- DVD cover
- Directed by: A. Kodandarami Reddy
- Written by: Ganesh Patro (dialogues)
- Screenplay by: Ramani
- Story by: Bhargav Arts Unit
- Produced by: S. Gopal Reddy
- Starring: Nandamuri Balakrishna Roja Rambha
- Cinematography: V. S. R. Swamy
- Edited by: Tirunavukkarasu Narasimha Rao
- Music by: Madhavapeddi Suresh
- Production company: Bhargav Art Productions
- Release date: 28 July 1995;
- Running time: 147 min
- Country: India
- Language: Telugu

= Maatho Pettukoku =

1995 Indian film by A. Kodandarami Reddy

Maatho Pettukoku is a 1995 Indian Telugu-language action film produced by S. Gopal Reddy under the Bhargav Art Productions banner and directed by A. Kodandarami Reddy. The film stars Nandamuri Balakrishna, Roja, Rambha, and music composed by Madhavapeddi Suresh.

==Plot==
The film begins in the town where Sitamma, a benevolent daughter-in-law of a Zamindar, leads a delightful life with her husband and the two identical children, Arjun & Kishtaiah. Chakravarthy, a malice son-in-law of Zamindar, intrudes into their house, slays him & his son, and grabs their riches. Thus, Sitamma pledges not to disperse her husband's ashes until he seeks to avenge Chakravarthy when suddenly, Chakravarthy attacks, which detaches all. Years roll by, and a bold woman, Manikyam, rears Kishtaiah, who becomes a pickpocket. Once, he clashes with a naughty girl, Latha, the daughter of Chakravarthy's sidekick, Mayor Geedapenta Basavaiah, and crushes on her. Besides, Arjun turns into a stout-hearted cop and intentionally makes his posting to his hometown.

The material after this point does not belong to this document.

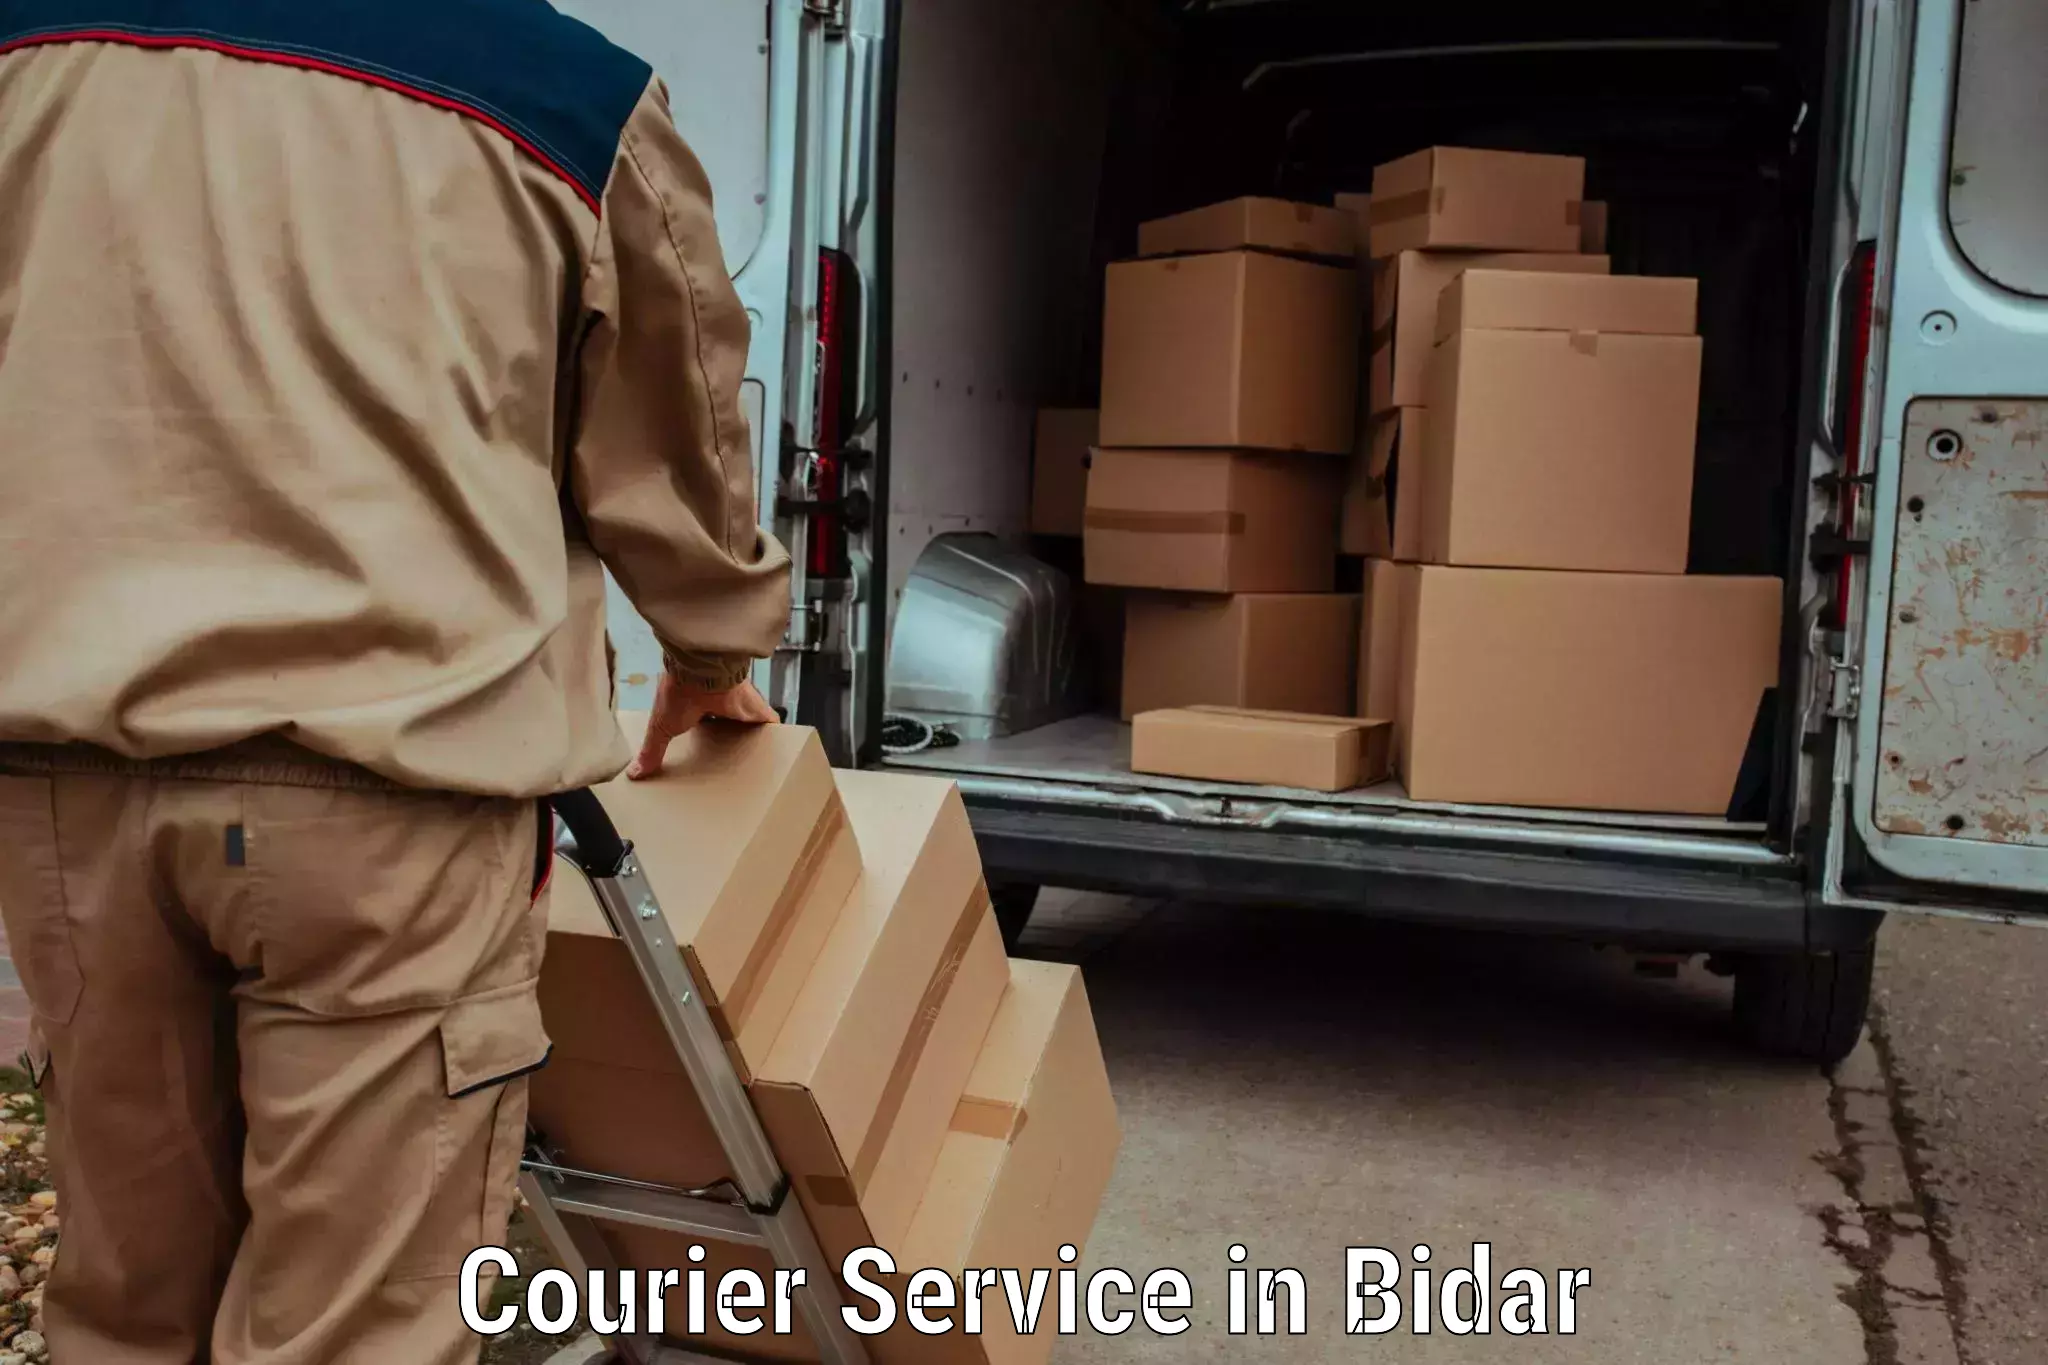 Nationwide delivery network in Bidar

Whereat, Bhavani, the vicious son of Chakravarthy, conducts various trafficking & torts and tramples law & order. Upon arrival, Arjun acquaints with a handywoman, Lakshmi, and falls for her. In the interim, Latha returns home, and Kishtaiah shadows her; from there, a confusing drama arises, which ends hilariously. Parallelly, Sitamma resides at a temple in an insane state, carrying her husband's ashes and waiting for her children. Kishtaiah comes across her, and an unknown bondage relates to them. Meanwhile, Arjun destroys the Bhavani dynasty and seizes him. Being conscious of it, Chakravarthy lands to rescue his son and challenges Arjun. However, Arjun strikes back with his wit and blocks all the roads. So, Chakravarthy bribes a wicked cop, SI Venkata Rao, to free his son. Here, Arjun tactically gets Venkata Rao killed by Bhavani and encounters him. Infuriated, Chakravarthy roars at Arjun when he reveals his identity and vows to ruin him.

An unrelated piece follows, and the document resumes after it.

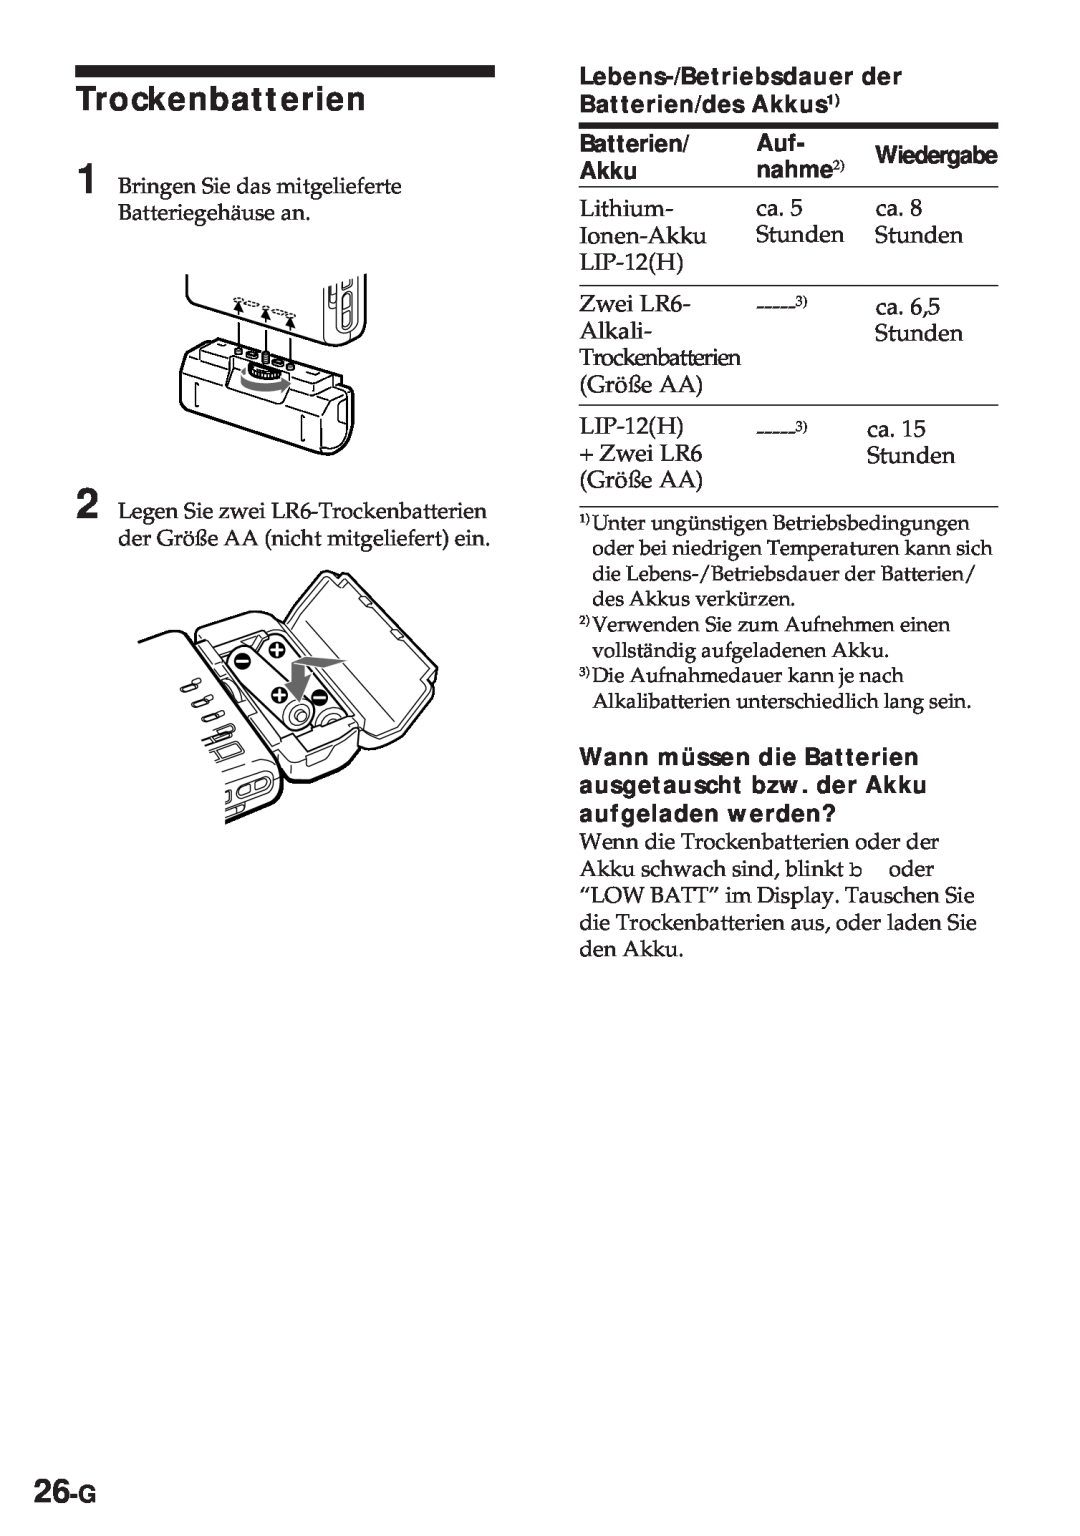 Sony MZ-R30 operating instructions Trockenbatterien, 26-G, Lebens-/Betriebsdauer der Batterien/des Akkus1, nahme2

At that point, Chakravarthy gazes at the existence of two alike. Hence, he lures Kishtaiah to fulfill his longing to knit Latha and ruses to assassinate Basavaiah via him to incriminate Arjun. At a public function, when Kishtaiah is about to shoot, Mayor Sitamma fires on Chakravarthy, and Arjun apprehends her. Learning it, Kishtaiah bails her out in the guise of Arjun when Manikyam discerns and declares Kishtaiah as Sitamma's son. Meanwhile, Arjun detects Sitamma's bag, recognizes his mother, and all unite. At last, Arjun & Kishtaiah cease Chakravarthy and dissolve their father's ashes. Finally, the movie ends on a happy note with the marriage of Arjun to Lakshmi & Kishtaiah to Latha.

==Cast==

- Nandamuri Balakrishna as (dual role)
  - SP Arjun; Seetamma's son;Kishtayya 's elder brother; Lakshmi's husband
  - Kishtayya;Seetamma's son; Arjun's younger brother; Latha's husband
- Roja as Latha; Kishtayya's wife
- Rambha as Lakshmi; Arjun's wife
- Captain Raju as Chakravarthy
- Raghuvaran as Bhavani
- Kota Srinivasa Rao as Mayor Geedapenta Basavayya
- Babu Mohan as Hanumanthu
- Giri Babu as Head Constable
- Rallapalli as Writer
- Ahuti Prasad as the father of the lead characters
- Ramalinga Raju as the grandfather of the lead characters
- Chinna as Inspector
- Vinod as S.I. Venkatrao
- Sakshi Ranga Rao as Rishawala
- Visweswara Rao as Kishtayya's henchman
- Gautam Raju as Kishtayya's henchman
- KK Sarma as Lawyer Pichaiah Chowdary
- Juttu Narasimham as Chilaka Jyothishikudu
- Dham
- Sujatha as Seetamma; Arjun and Kishtayya 's mother
- Varalakshmi as Shanti
- Disco Shanthi as item number
- Kalpana Rai as Hostel Warden
- Y. Vijaya as Manikyam
- Master Baladitya as Young Arjun

==Soundtrack==

Music composed by Madhavapeddi Suresh. Music released on Supreme Music Company.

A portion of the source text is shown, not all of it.